___ Exercise data ___

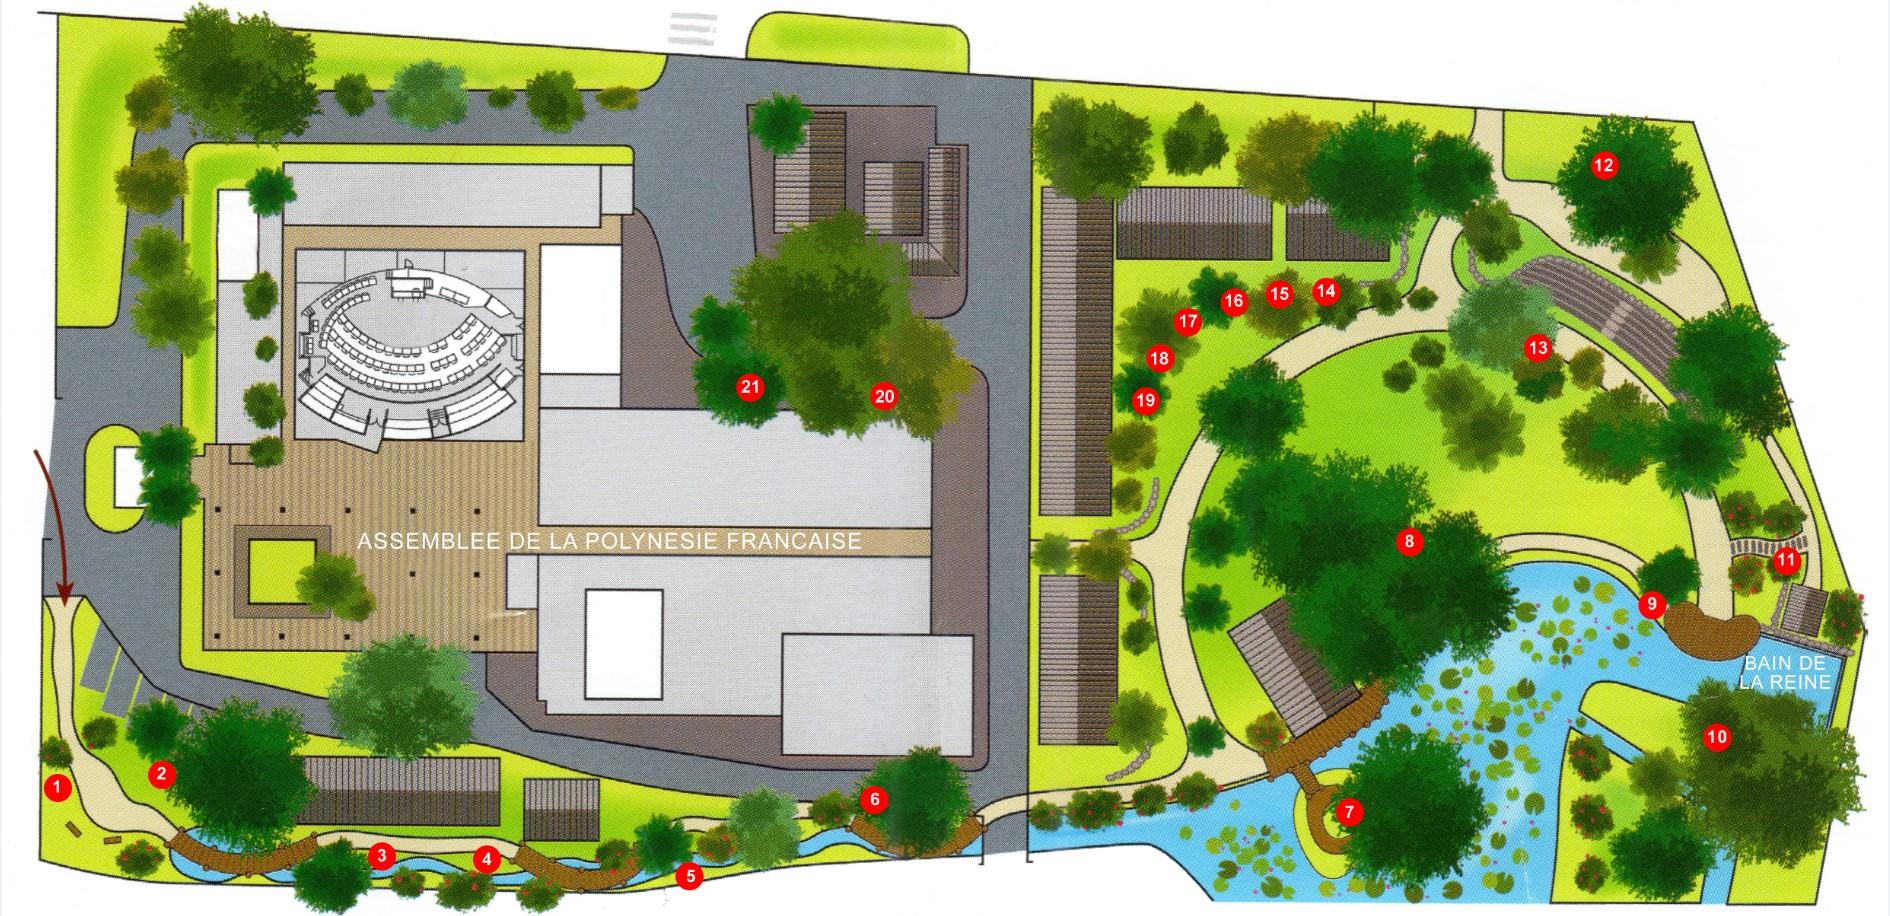 Plan du jardin de la reine avec les principales plantations
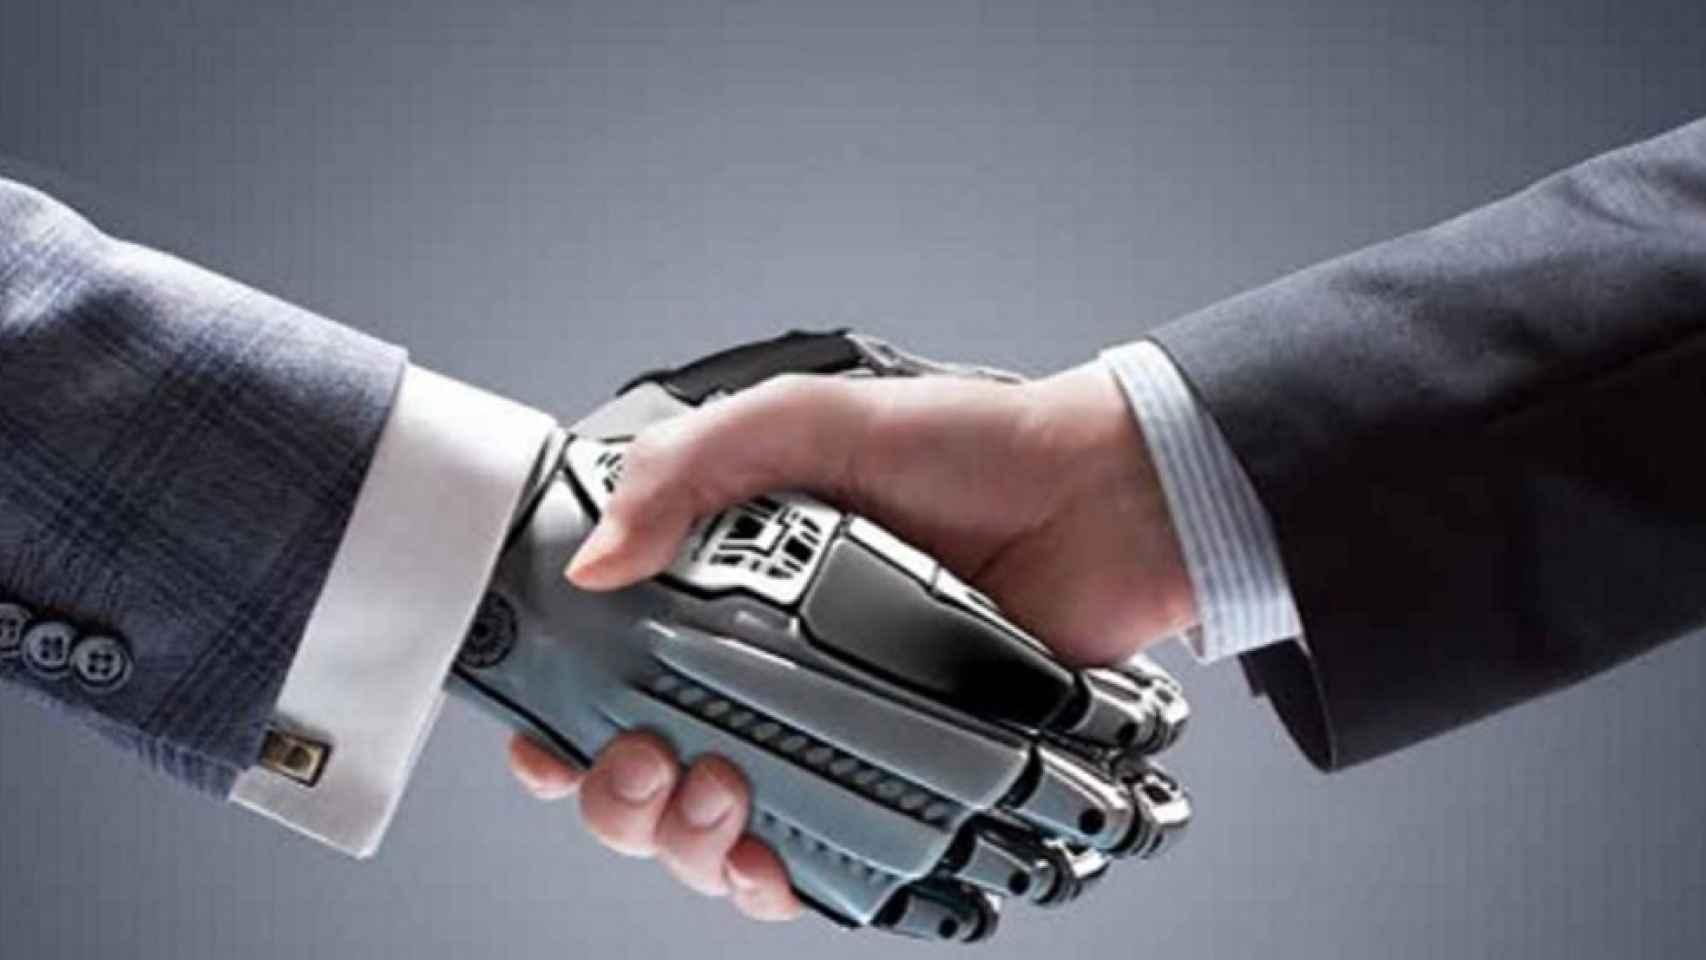 La robotización podría aumentar el número de ocupados en más de 2 millones en 15 años
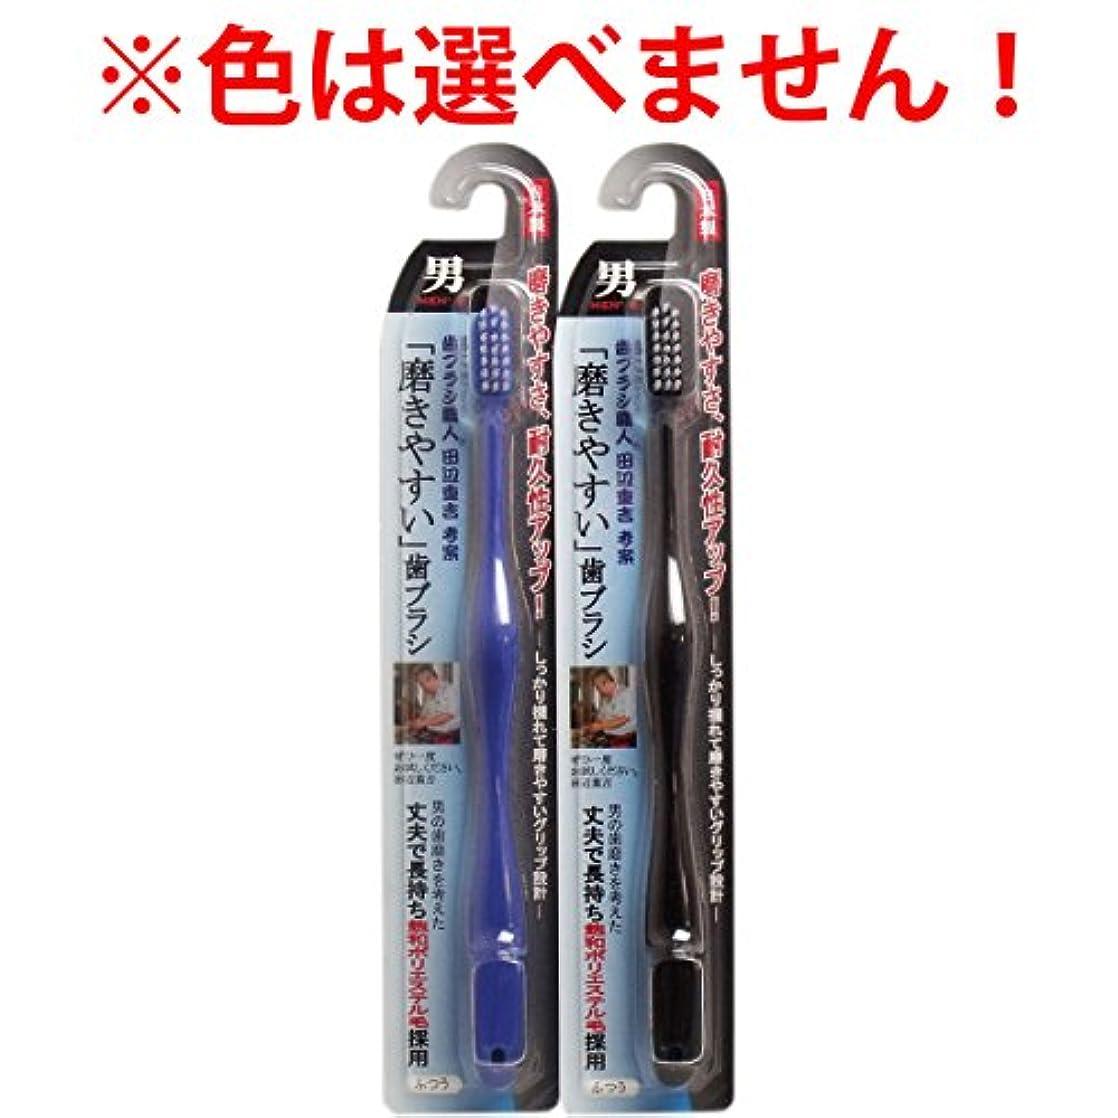 修正効果的マーベルライフレンジ 「磨きやすい」歯ブラシ男 LT-08 1本
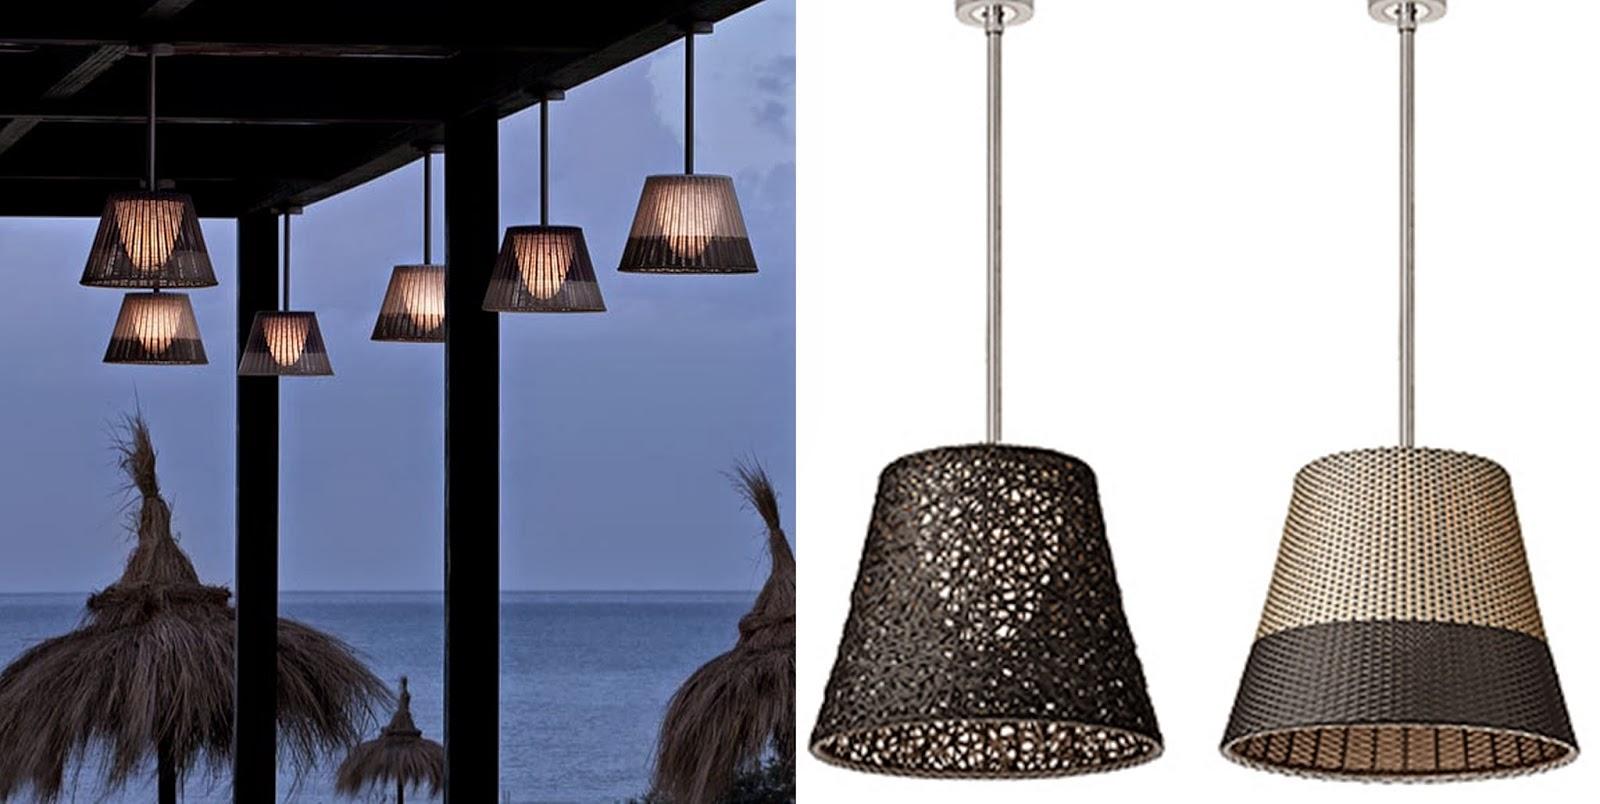 Plafoniere Per Esterno Ikea : Applique da esterno ikea cool trova le migliori lampade muro

___

### [Problem requirements]
Transcribe the material above word for word; images do not belong in the copy.

### [Exercise output]
 Plan du jardin de la reine avec les principales plantations
 La robotización podría aumentar el número de ocupados en más de 2 millones en 15 años
 修正効果的マーベルライフレンジ 「磨きやすい」歯ブラシ男 LT-08 1本
 Plafoniere Per Esterno Ikea : Applique da esterno ikea cool trova le migliori lampade muro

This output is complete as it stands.